--- About this task ---
Print nothing but the lines below starting at the line that holds "Luftbild von der" and ending at the line that holds "Ost-West Panorama (журнал).", including both, each exactly as written.

--- Supplied data ---
━━━━━━━━━━

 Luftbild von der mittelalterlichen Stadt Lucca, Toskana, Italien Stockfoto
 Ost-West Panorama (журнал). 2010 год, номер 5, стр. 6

━━━━━━━━━━

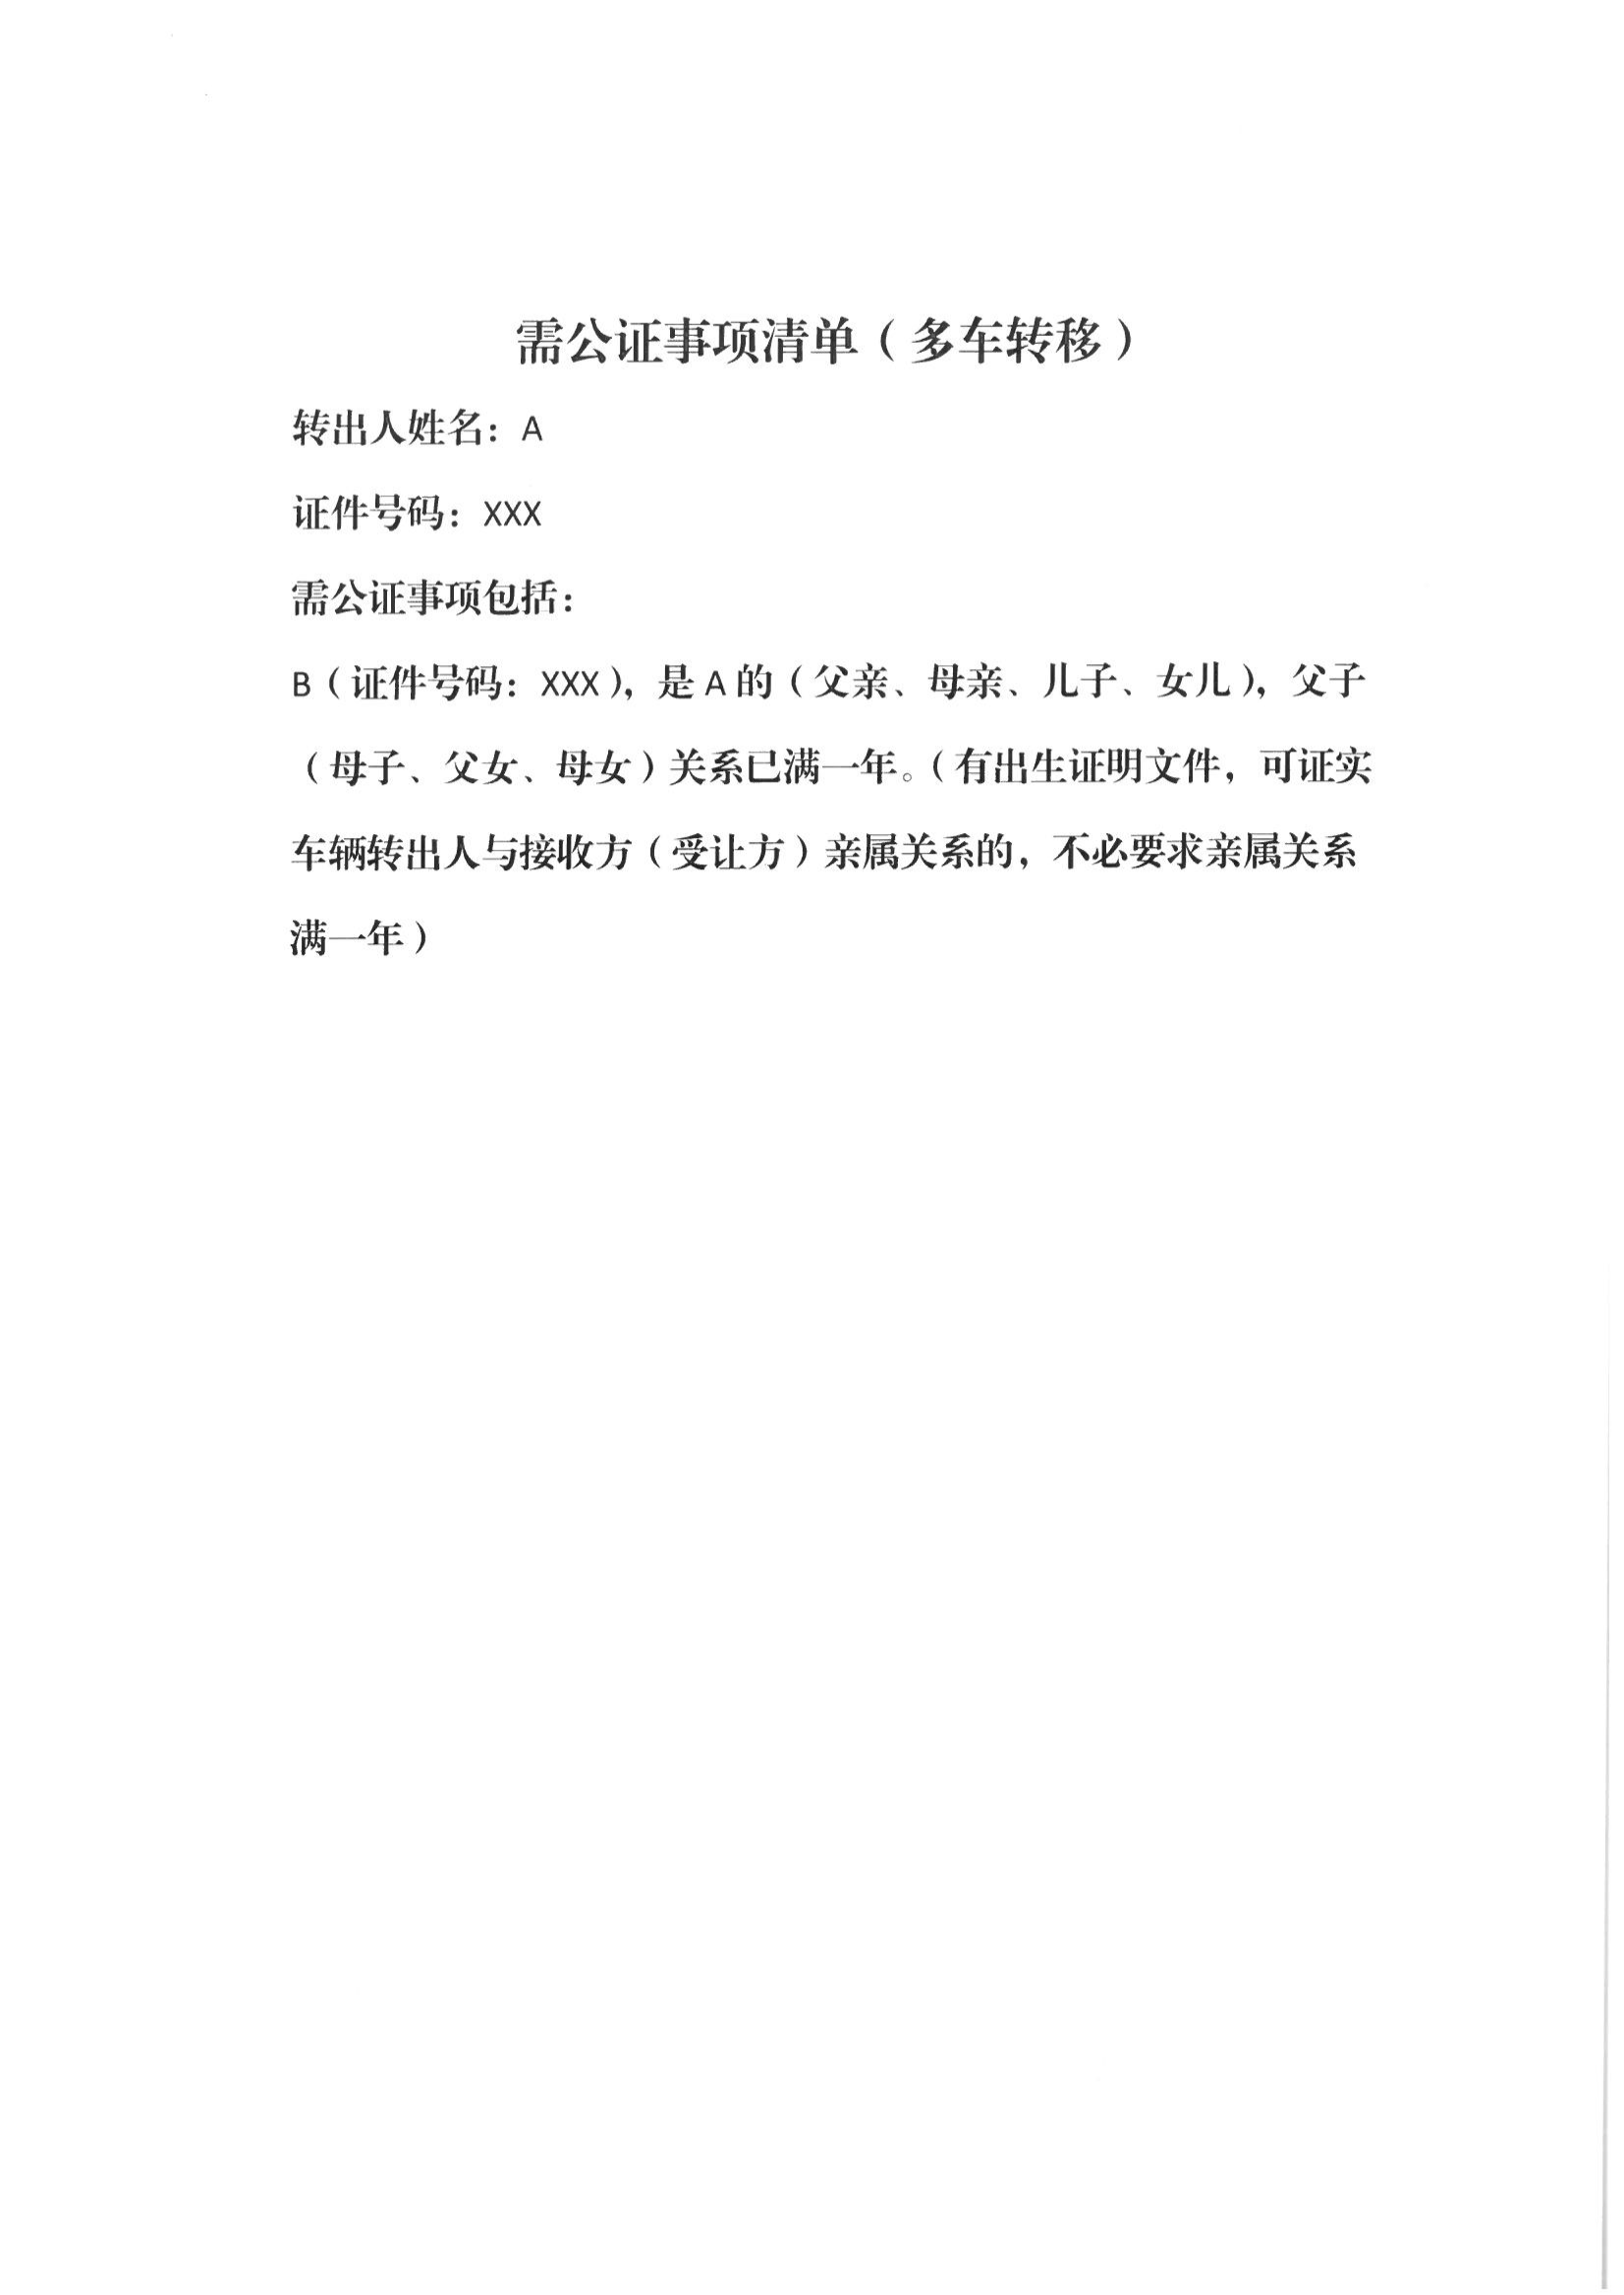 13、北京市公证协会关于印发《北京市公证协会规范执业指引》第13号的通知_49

━━━━━━━━━━

--- Exercise result ---
 Luftbild von der mittelalterlichen Stadt Lucca, Toskana, Italien Stockfoto
 Ost-West Panorama (журнал). 2010 год, номер 5, стр. 6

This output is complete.